In particular, the user can download all information about a link-type entanglement and visualization facilitating interpretation of the data. In particular users can download the structure in pdb and xyz format, files for vmd, Mathematica and JSmol, enabling them to view the minimal surface spanned on the closed loop. The file for vmd is written as a tcl script. To view the surface, one has to first open the structure in vmd (the downloaded pdb file), click Extensions-> TK Console and load the tcl script in the new window via File->Load file.

Additionally, user can download all files with smooth representation of the structure. This could be helpful in understanding link-type entanglement in more complicated proteins. LinkProt uses the procedure where chain is being smoothed via averaging coordinates of three neighbouring atoms, as long as the link type of the structure stays unchanged (the running average), or 15 runs are done (the sufficient number in all known cases). The number occuring at the end of the “smooth files” names indicates the number of iterations of that procedure that were applied to a chain.

During the analysis there some errors concerning the input file may occure. We provide a full list of known problems with possible solutions in the Possible errors subsection.

A structure uploaded and analyzed by the user is stored for 14 days (so that it can be viewed again).

Fig. 2 The typical output for a single structure analysis.

Possible errors.

During the analysis some errors concerning input file may occure. We provide a full list of known problems. Clicking on them will display possible solutions. If after reading all known solutions you are sure, that the file is correct and contains the Cα coordinates written in proper way, please send us the file, as that could be a clue how to fix and improve our server.

ERROR(3) - There are at least two Cα atoms with higher index occuring before a lower one.

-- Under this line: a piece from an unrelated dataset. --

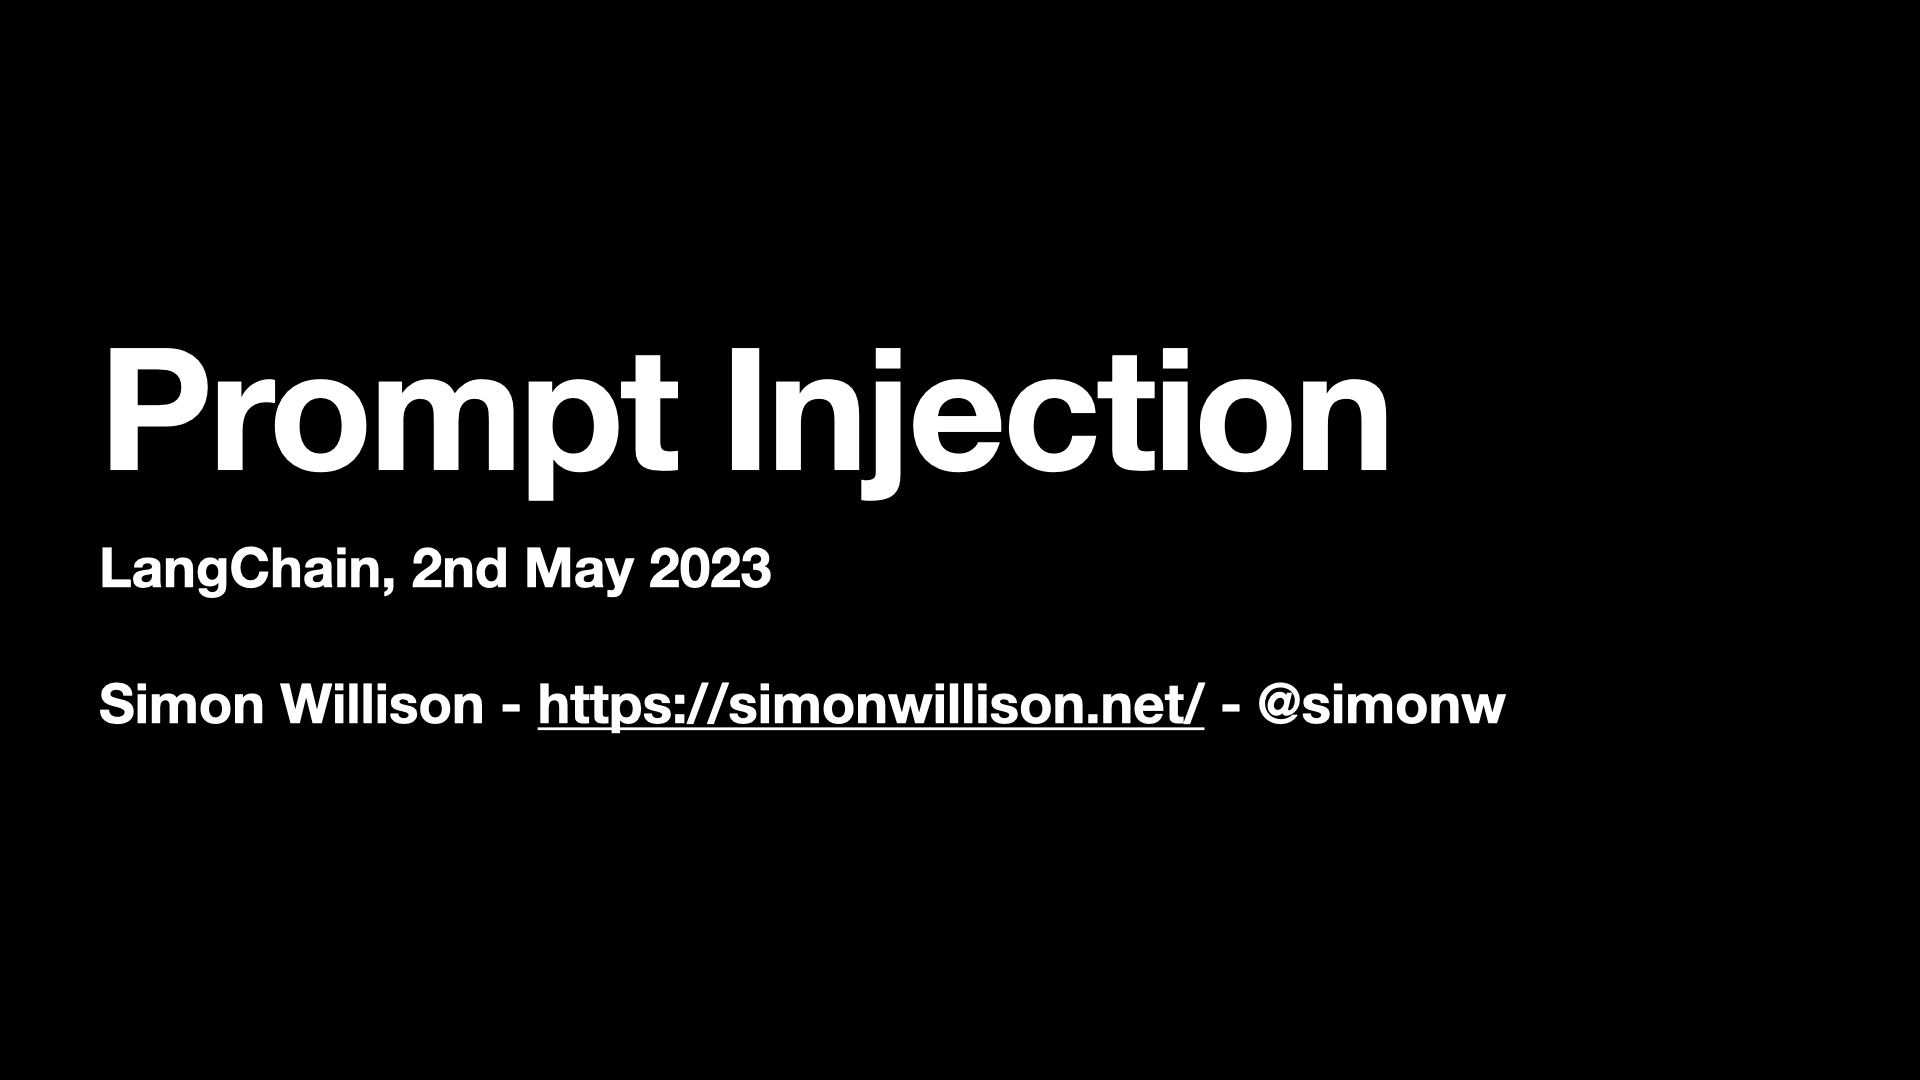 Prompt injection - LangChain 2nd May 2023 - Simon Willison https://simonwillison.net @simonw

The atoms in pdb file are expected to be ordered according to rising indices. If that is the case, and the analysis of the structure still results in this error, the reason can be bad separation between chains. The chains should be named by a different label, and both should be separated by "TER" line. If that is the case and the ERROR(3) repeats, try to upload one chain at a time.
This error can also happen if there is some nonstandard way of naming the residues. E.g. structures with the indices as follows 1P,2P,3P,...,95P,96P,1,2,3,... within the same chain will result in this ERROR. In such case please change the notation to standard one.